The second AI for Good Global Summit has generated 35 new projects which aim to utilise AI in development roles.
The competition brought together teams from the public and private sector to develop AI-based solutions in healthcare, agriculture and biodiversity, urban development, and to increase trust in AI.
The event was organised by the International Telecommunication Union (ITU) in partnership with 32 sister United Nations agencies, the XPRIZE Foundation and the Association for Computing Machinery (ACM),and held at ITU headquarters in Geneva last week
Houlin Zhao, ITU Secretary-General, commented: "Leveraging the power of ICTs, including artificial intelligence, is imperative if we are to improve the livelihoods of all people, everywhere, through achievement of the United Nations Sustainable Development Goals.
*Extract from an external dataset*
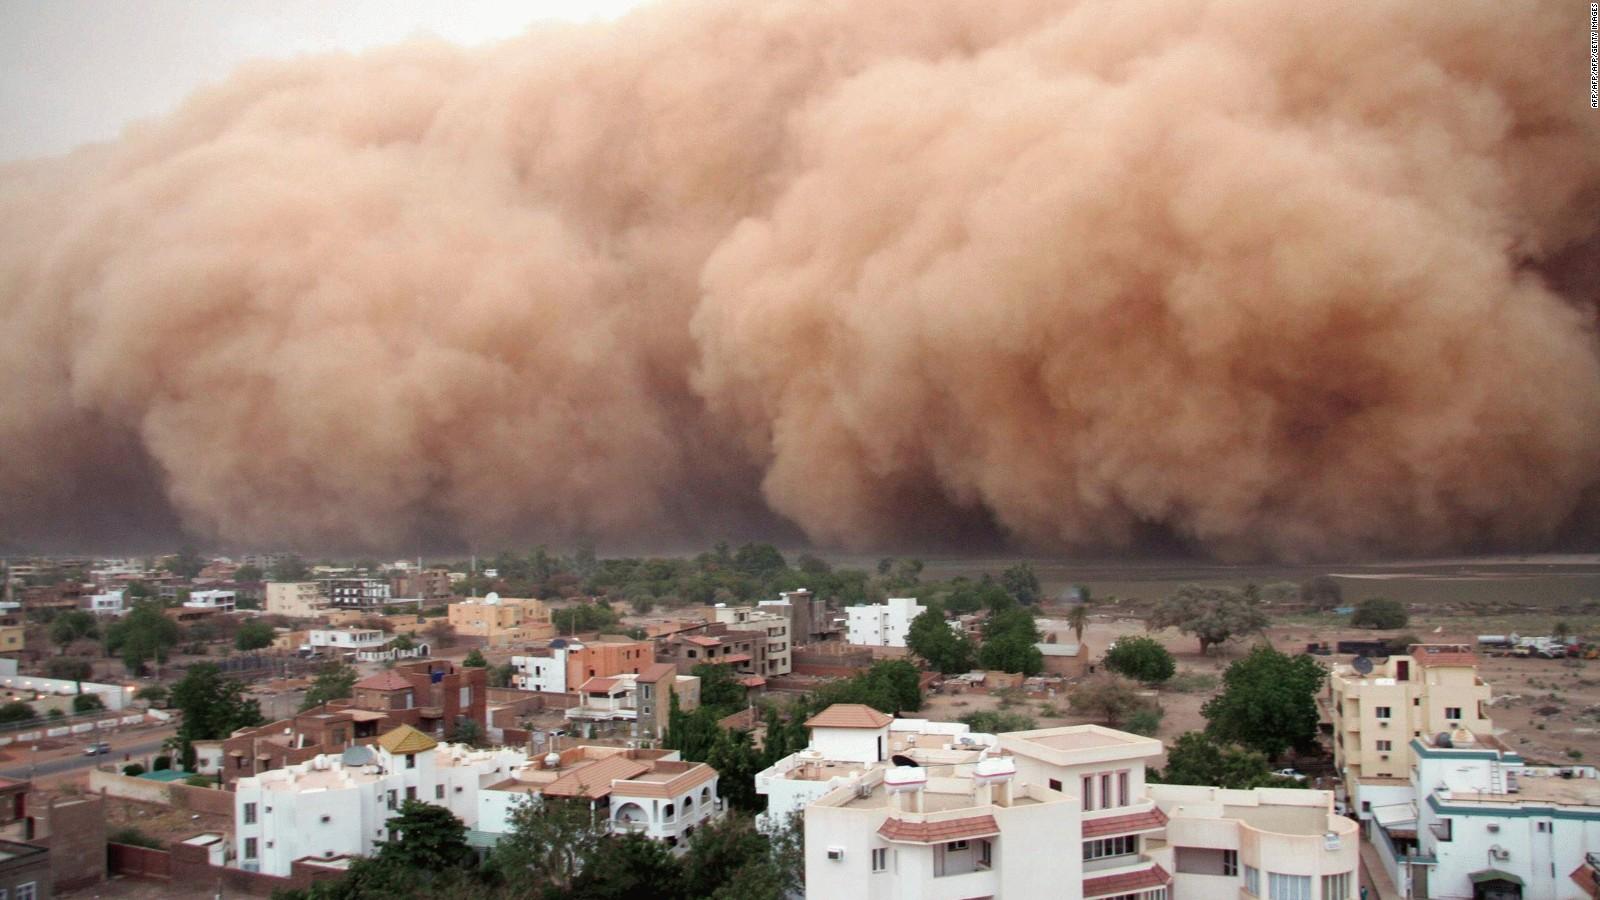 Massive sand storm hits Sudan   CNN Video 1600x900

"This call to action by stakeholders was loud and clear at the first AI for Good Global Summit held one year ago. Now here at the 2nd annual summit, a powerful 'AI for Good' community movement has emerged. With its pioneering proposals and rich diversity of expertise, it is unstoppable."
Among the projects developed for the summit were three projects to use AI satellite image analysis to to predict and prevent deforestation, track livestock with great accuracy, and provide data analytics for micro-insurance to small-hold farmers. A fourth project proposal provides enabling infrastructure and common capabilities - through a 'global service platform' - to support new satellite data projects in achieving immediate scale.
Fifteen proposals were in healthcare, with ideas covering primary care, disease outbreaks and data analysis. Participants also discussed the creation of a new study platform that would be open to all interested stakeholders, and supported by ITU and the World Health Organization. This would collect use cases of AI in healthcare and identify the data formats and interoperability mechanisms required to amplify the impact of such use cases.
Seven project proposals focused on urban issues including support for linguistic diversity within cities, combating gender violence, and provide virtual testbeds for the simulation of smart city projects. These projects included the targeted establishment of an 'Internet of Cities', a global network able to share the data, knowledge and expertise required to replicate successful smart city projects elsewhere in the world.
Nine project proposals address three key dimensions of trust in AI: AI stakeholders' trust in AI developers; trust across national, cultural and organizational boundaries; and trust in AI systems themselves.
Other projects proposals seek to build trust in AI's contribution to agriculture and mental health. They investigate strategies for developing countries to maintain social stability as AI-driven automation influences labour markets. They also explore how the concept of trust varies across cultures, and they study how policymakers could encourage the development of trustworthy AI systems and datasets free of bias.
These projects would be supported by a proposed incubator for multidisciplinary collaboration in the interest of building trust in AI, trustfactory.ai.